We should compare the coefficient tables of the binomial and quasi-binomial models to see what's changed.
Observe that the parameter estimates of the two models are exactly the same, but the standard errors and hence the statistical tests are different. All that's happened is that the variances of the parameter estimates in the binomial model have been multiplied by the estimate of φ, the Pearson deviance divided by the degrees of freedom.
The overdispersion parameter has been used to increase the standard errors of the parameter estimates. This in turn has decreased the z-statistics and increased the p-values making it harder to achieve statistical significance.
So, is fitting a quasi-binomial a good idea? Generally speaking I would say no.
If there is overdispersion with binomial data it means that the current binomial model is inappropriate. The binomial model might be inappropriate because we haven't found an appropriate set of predictors to describe the logit or because one or more of the assumptions of the binomial distribution have not been met. Therefore one recommendation when there is overdispersion is to include more predictors in the model if possible. Two assumptions of the binomial distribution that are commonly violated with real data are independence and the constant probability of success for all of the Bernoulli trials that comprise the individual binomial responses. One way to account for both of these violations is to fit a binomial mixed effects model. This yields a true probability model that can be estimated using maximum likelihood and thus provides an AIC for model comparison. A mixed effects binomial model will typically yield parameter estimates and standard errors that are different from those of the ordinary binomial model. I think this approach is preferable to just trying to "patch" the variance of a binomial distribution in a very ad hoc manner.
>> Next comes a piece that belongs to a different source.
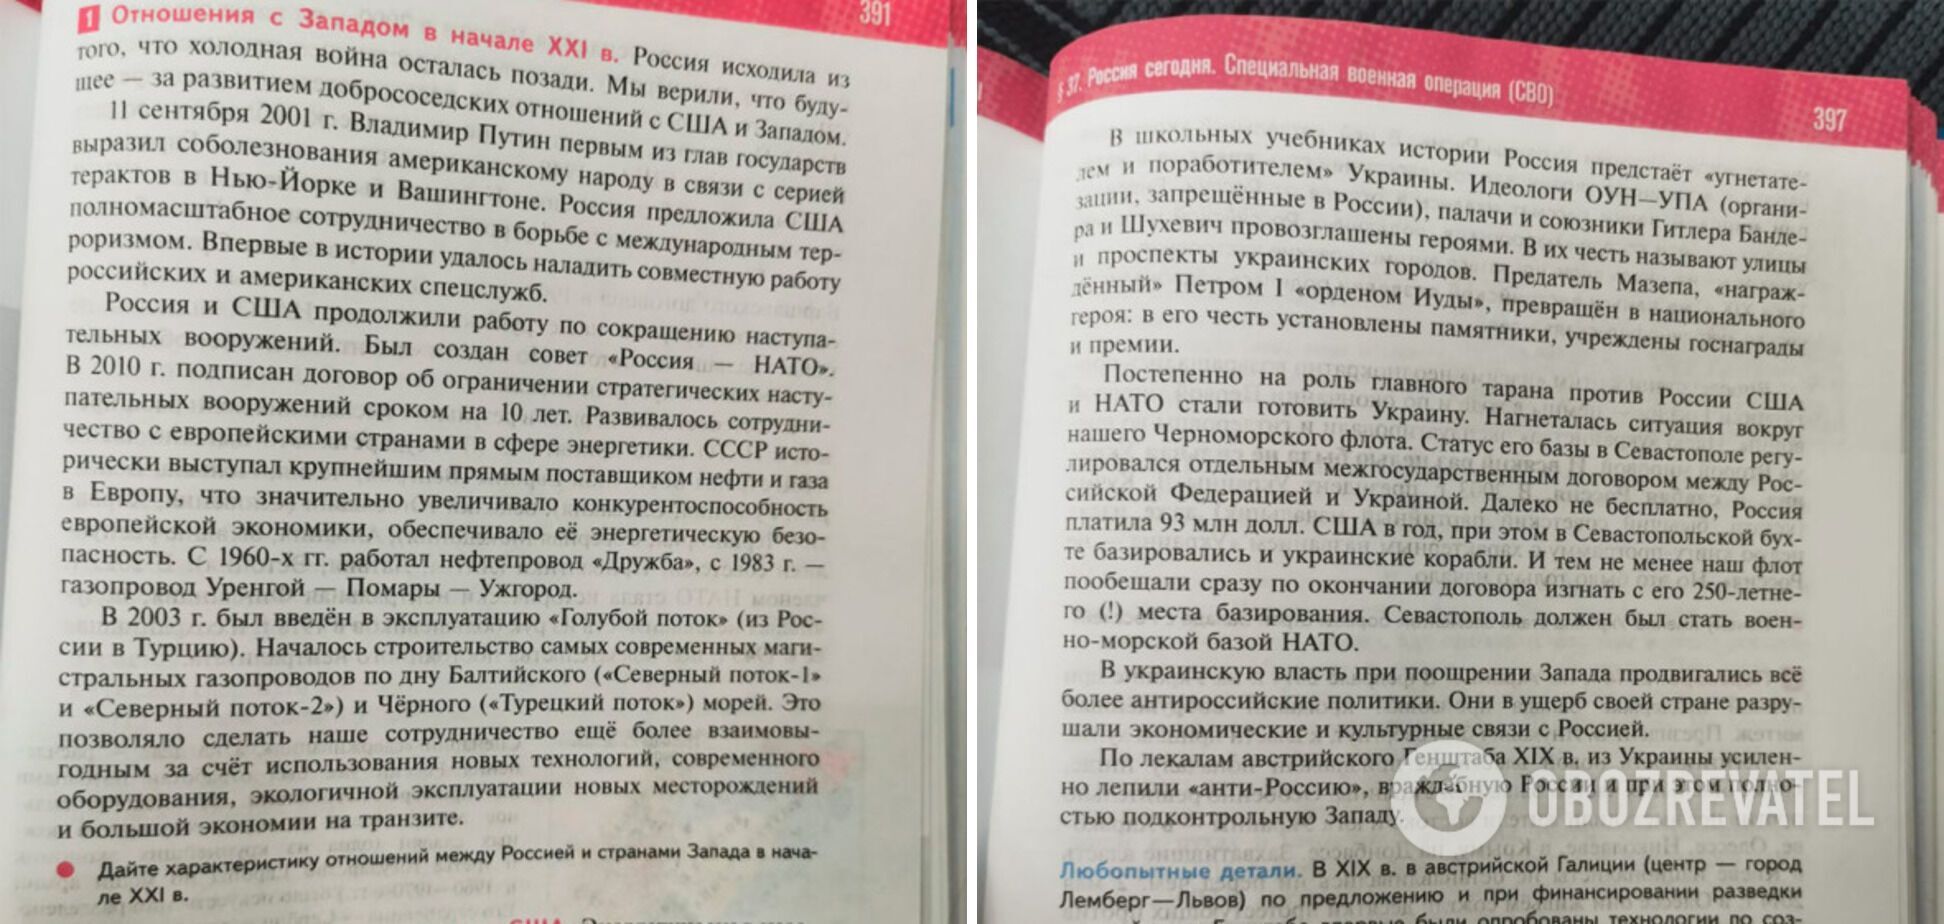 Russia has rewritten 50 years of history: new textbooks devote many pages to Ukraine

Still, fitting a quasi-binomial model may be preferable to doing nothing. Because it inflates the reported standard errors (when there is overdispersion) the result is that all of your test results are made more conservative making it less likely for them to achieve statistical significance. This in turn adds a facade of objectivity to the analysis because you've chosen to set the statistical significance bar a bit higher. If I've exhausted all other possibilities—I can't find any more predictors to add to the model and a mixed effects model does not adequately address the problem—then and only then would I consider fitting a quasi-binomial model and using it as my final analysis.
Underdispersion with binomial data also means that the current binomial model is inappropriate but for different reasons. Once again there is heterogeneity in the success probabilities within the sets of Bernoulli trials but of a very limited form yielding "binomial" count distributions that have a far more limited range of possible outcomes. Underdispersion is far less common and as such there are far fewer tools available for dealing with it if it can be detected. This doesn't mean that fitting a quasi-binomial model is the best choice. If it turns out that the quasi-binomial model for underdispersion is correct but you instead choose to fit a binomial model anyway, no real damage is done. It just means that your reported statistical tests are too conservative. Any result that ends up being statistically significant with the binomial model will still be statistically significant with the correct quasi-binomial model, but there may be other statistically significant effects that you failed to detect.
There are two continuous predictors in the data set, chloride and nitrate. I try adding them to a model that is additive in the sewer and the three-category land use variable.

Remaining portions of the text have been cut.